In 1973, sociologist David Rosenhan sought to examine how difficult it would be for people to shed the “mentally ill” label. As you know from your text (page 65) and the video clip (Dr. Rosenhan’s article is also in the Content section under “Interesting Links”) the pseudopatients did not exhibit any symptoms after admission to the hospital. Ironically, their sanity was not detected by hospital staff, but it was detected by the actual patients in the hospitals. At no time during their stay in the hospital was the legitimacy of their schizophrenic label questioned. It was simply assumed that they were schizophrenic, and everything the pseudopatients did and said while in the mental institutions was understood from this premise. Rosenhan concluded that the staff were doing their jobs as designed and made no conscious effort to misconstrue the evidence.

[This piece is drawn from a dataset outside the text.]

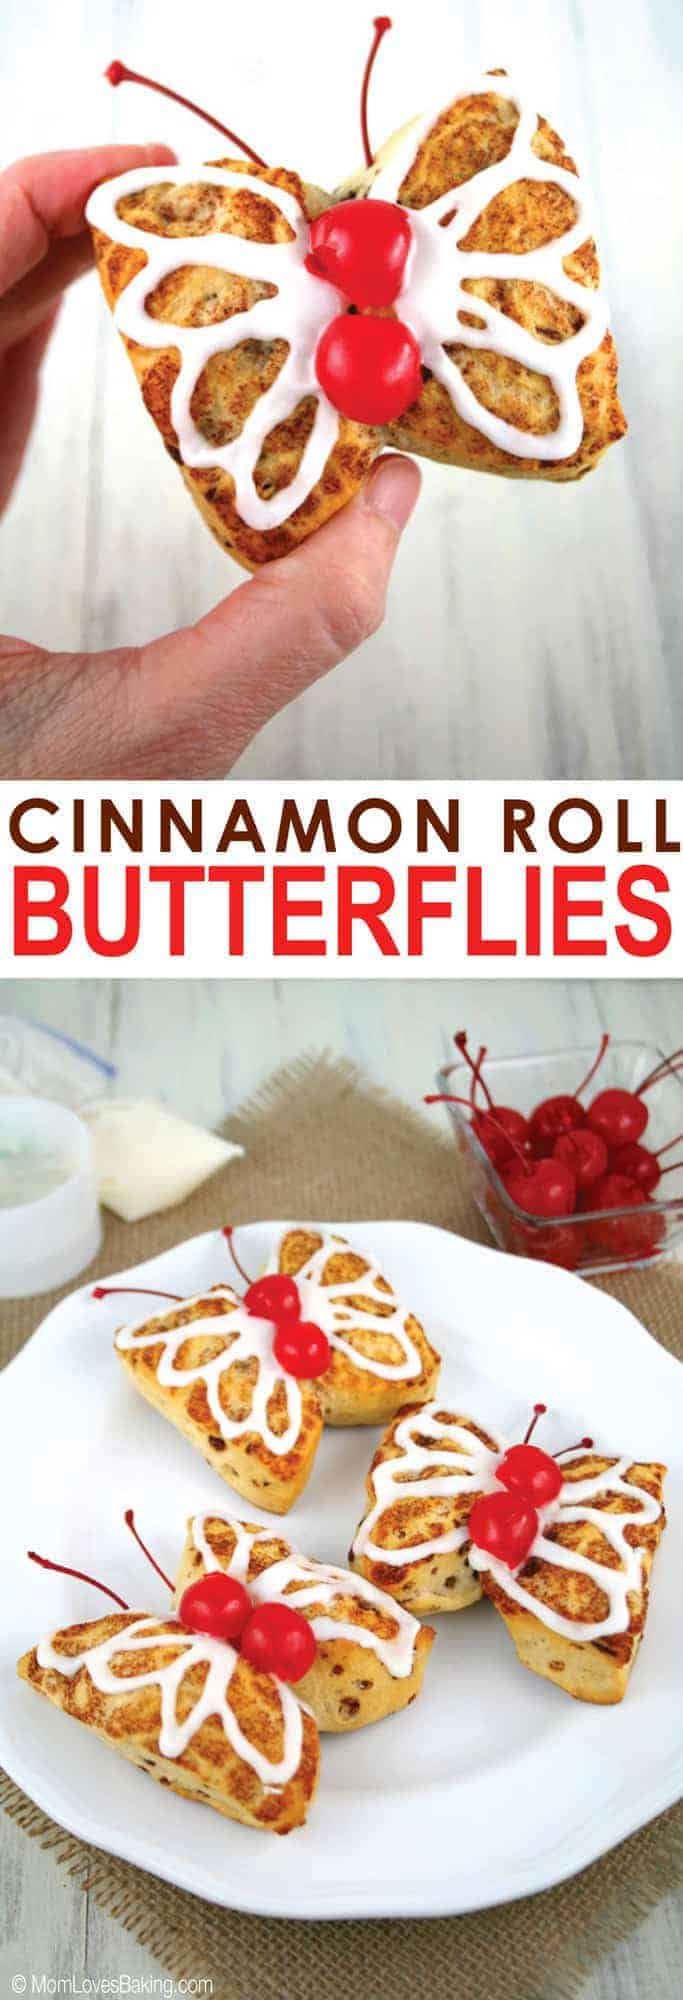 Cinnamon Roll Butterflies

The moral is that psychiatric labels are so powerful that they can profoundly affect the way information is processed and perceived. Had the same behaviors been observed in a different context, they no doubt would have been interpreted in an entirely different fashion.
Discuss the role of context in influencing our interpretations of abnormal behavior. Also please discuss your views on the stigma of mental illness – is it changing? What are some of the benefits of labeling – giving a diagnosis?
What does research tell us about the benefits or possible negative consequences of labeling/diagnosis? Please cite your source(s).